S&P Raises Outlook On Greece Ahead Of Bond Sale, Keeps B- Rating


Consider it a kiss to the bond investors who are expected to oversubscribe the upcoming latest “triumphal” Greek return to the bond markets, as soon as next week. Moments ago, rather unexpectedly, S&P raised its outlook on Greece from Stable to Positive, but reaffirmed the Greek rating at B-. The rating agency, said it believes that “recovering economic growth, alongside legislated fiscal reforms and further debt relief, should enable Greece to reduce its general government debt-to-GDP ratio and debt servicing costs through 2020.”

We have therefore revised the outlook on Greece to positive from stable while affirming our ‘B-‘ long-term foreign and local currency sovereign credit ratings.

The positive outlook indicates our view that, over the next 12 months, there is at least a one-in-three probability that we could raise the ratings.

In other words, buy the Greek bonds, but beware a repeat of what happened in 2014.

Full S&P note below (link):

Outlook On Greece Ratings Revised To Positive; ‘B-‘ Long-Term Ratings Affirmed

RATING ACTION

On July 21, 2017, S&P Global Ratings revised the outlook on the Hellenic Republic (Greece) to positive from stable. We affirmed the ‘B-/B’ long- and short-term foreign and local currency sovereign credit ratings.

RATIONALE

The outlook revision reflects our expectation that Greece’s general government debt and debt servicing costs will gradually decline, supported by economic recovery, legislated fiscal measures through 2020, and a commitment from Greece’s creditors, specifically from the Eurogroup, to further improve the sustainability of its sovereign debt burden.

The Eurogroup, in its statement on June 15, 2017, has agreed to facilitate market access for Greece through the creation of a cash buffer via disbursements over and above the amount needed for the Greek government to meet debt servicing obligations and pay down domestic arrears. In our opinion, this support is likely to pave the way for Greece to successfully reenter sovereign bond markets this year.

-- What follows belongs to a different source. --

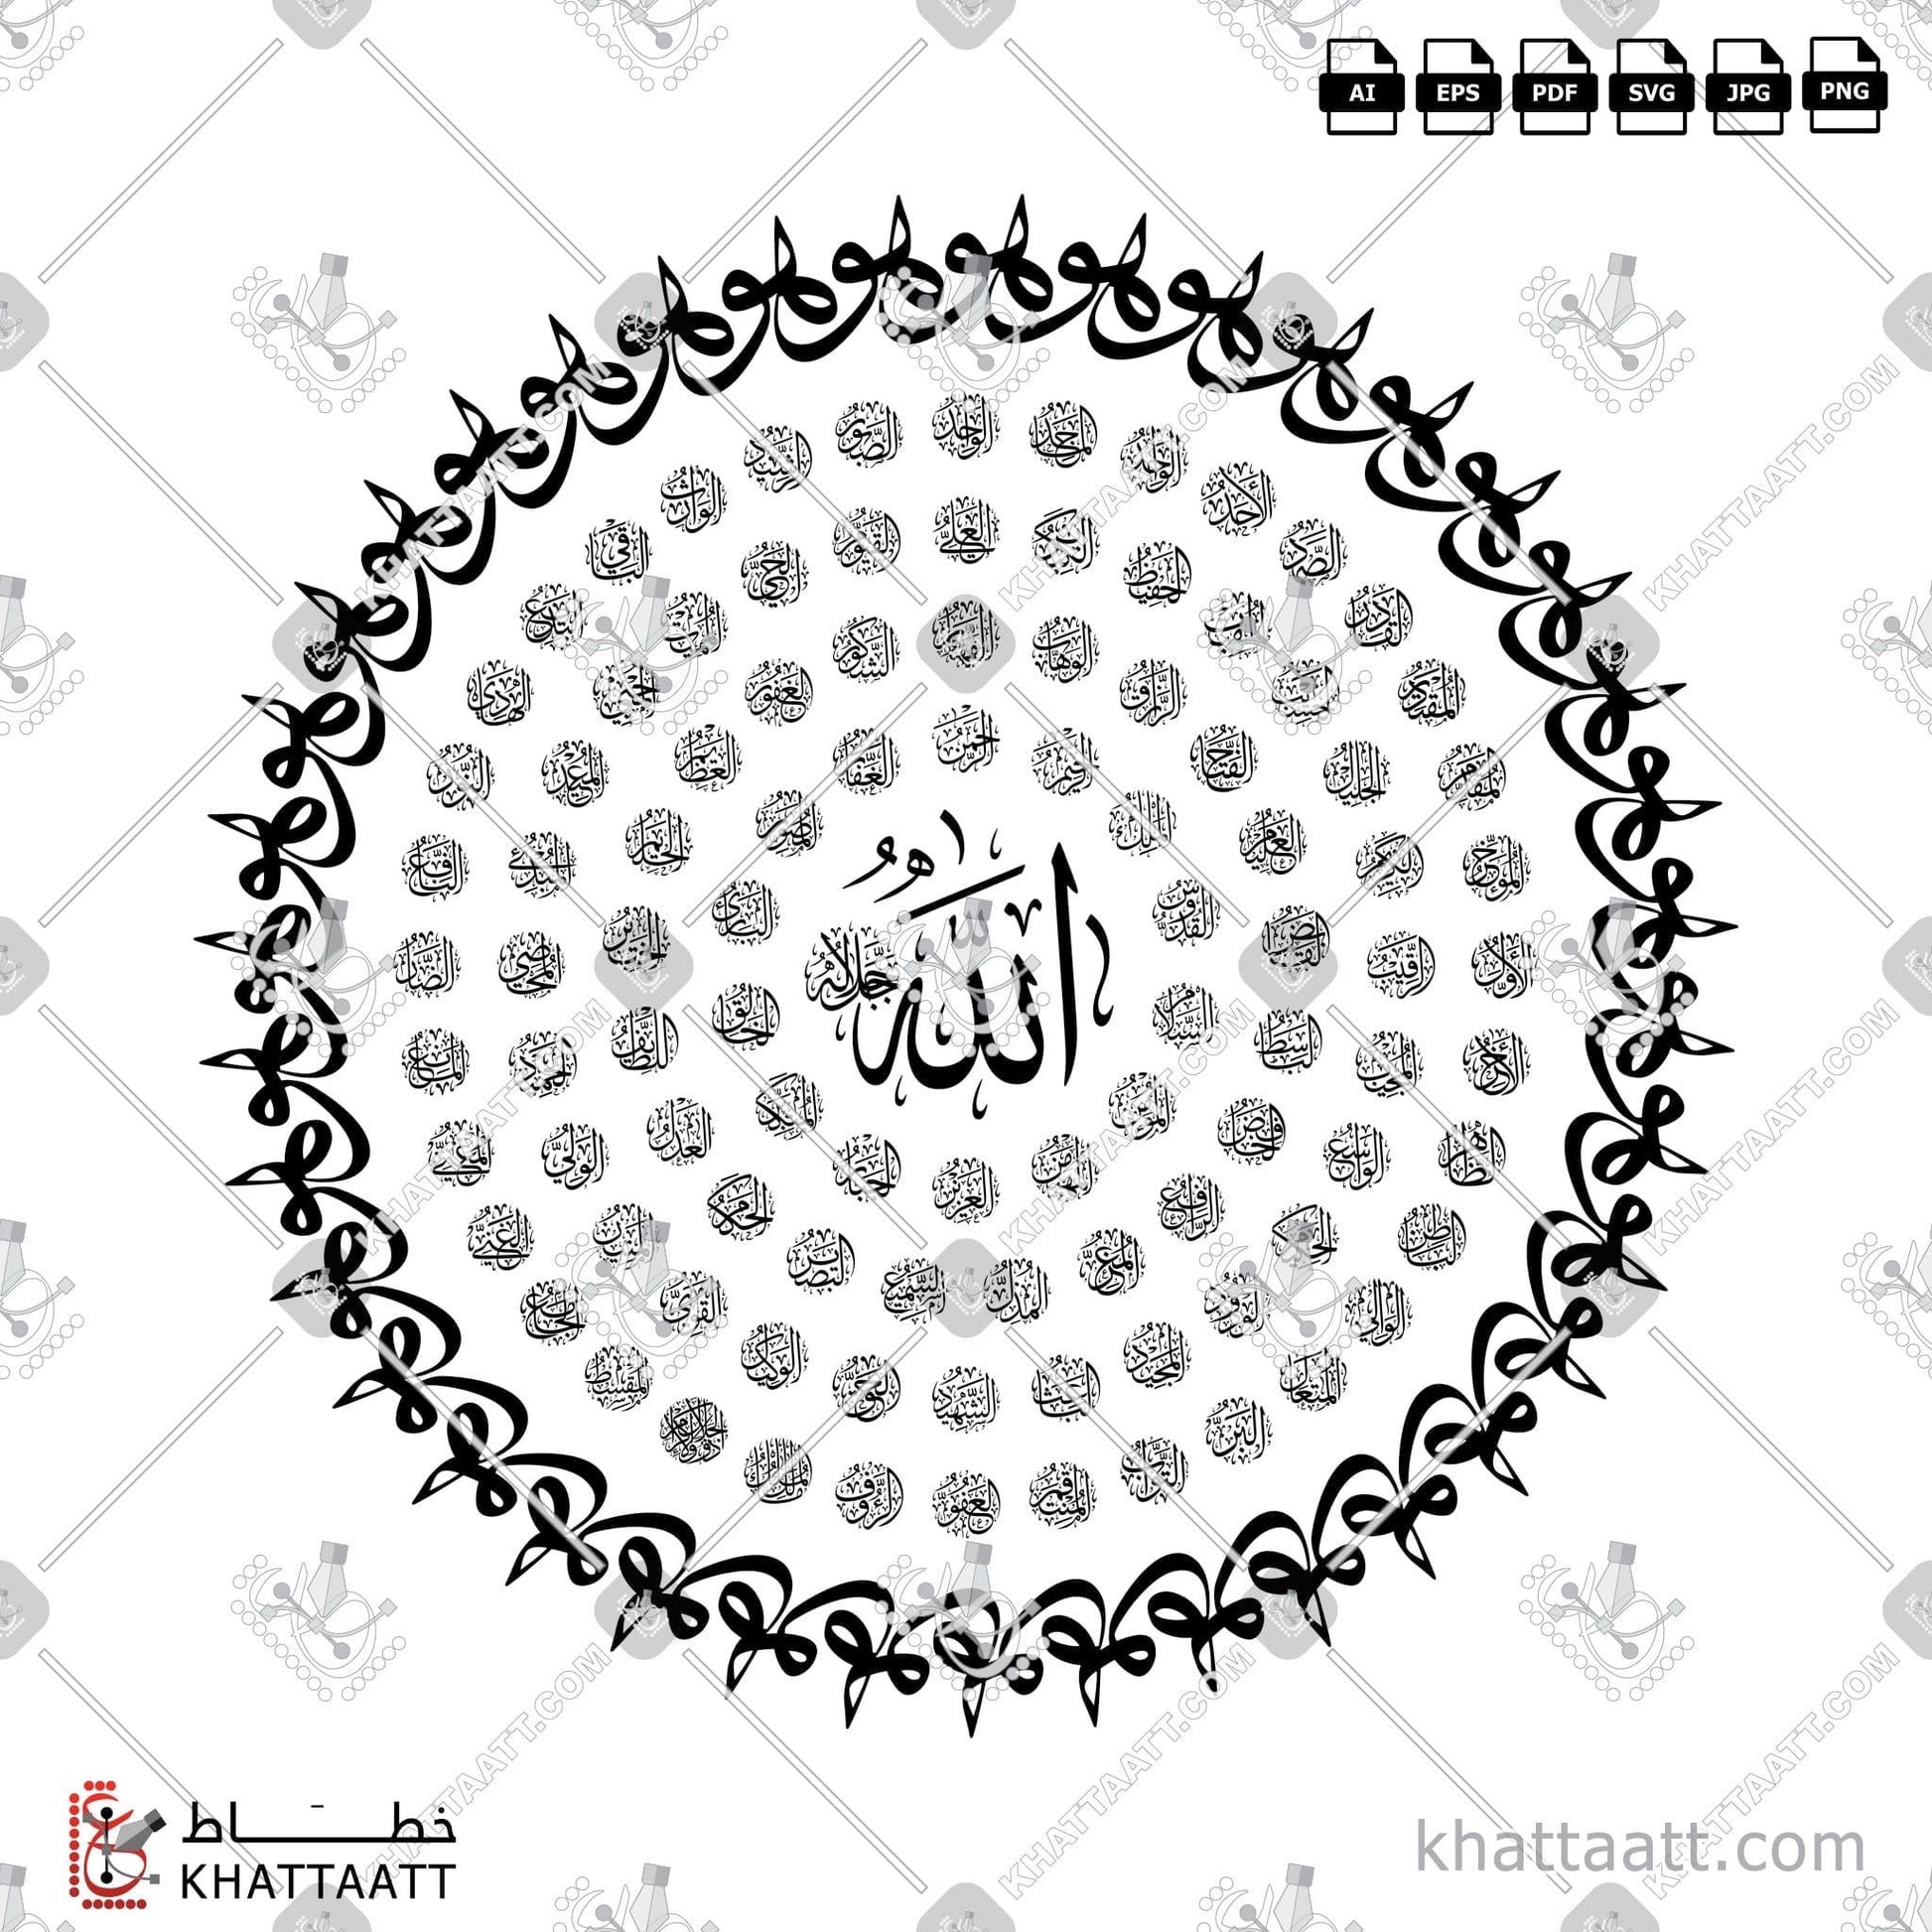 Digital Arabic Calligraphy Vector of 99 Names of Allah - أسماء الله الحسنى in Thuluth - خط الثلث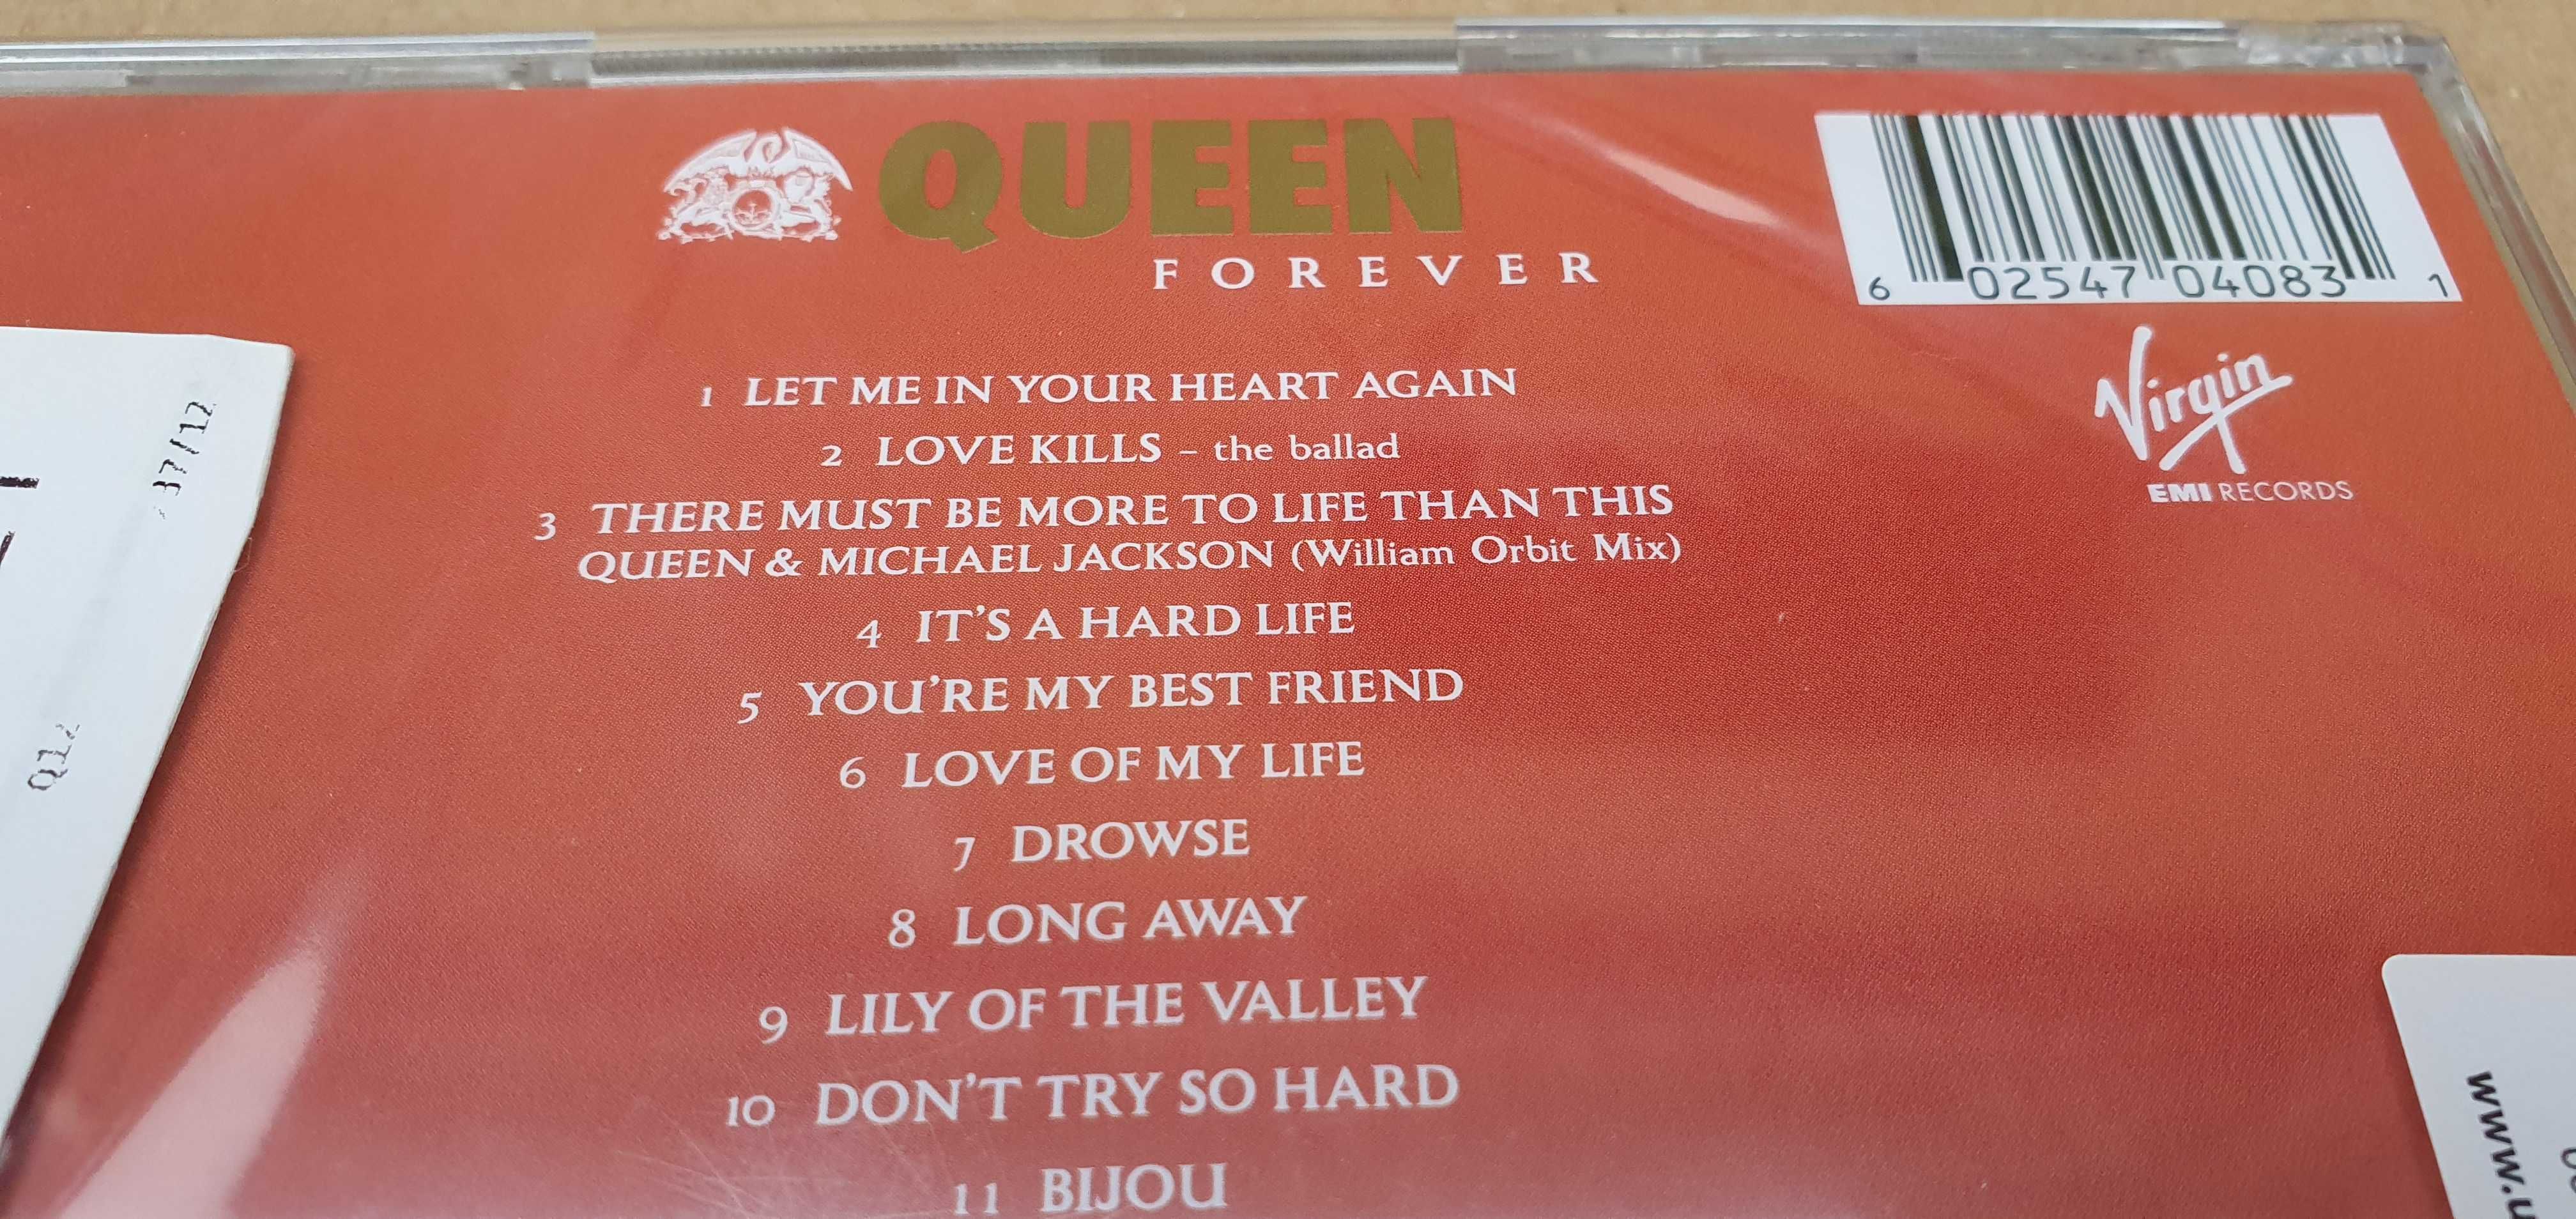 Płyta kompaktowa CD Queen - Forever

We also understand that the Eurogroup has reiterated its intention to provide Greece with further extensions on loans from the European Financial Stability Facility, as well as deferrals on debt service at the conclusion of the European Stability Mechanism (ESM) program in August of next year. These loans, contracted during Greece’s second program, constitute the largest chunk of Greek government debt. Such additional measures, once put into effect, will further lengthen Greece’s debt maturity profile–from more than 18 years presently–and reduce its annual gross financing needs. The amortization of Greek debt will peak in 2019 at about €13.5 billion, an estimated 7% of GDP; however, we expect the government to issue market debt to smooth upcoming redemptions, including the 2019 maturities. In every other year from 2018 until 2023, we estimate that repayment obligations will be less than 4% of GDP.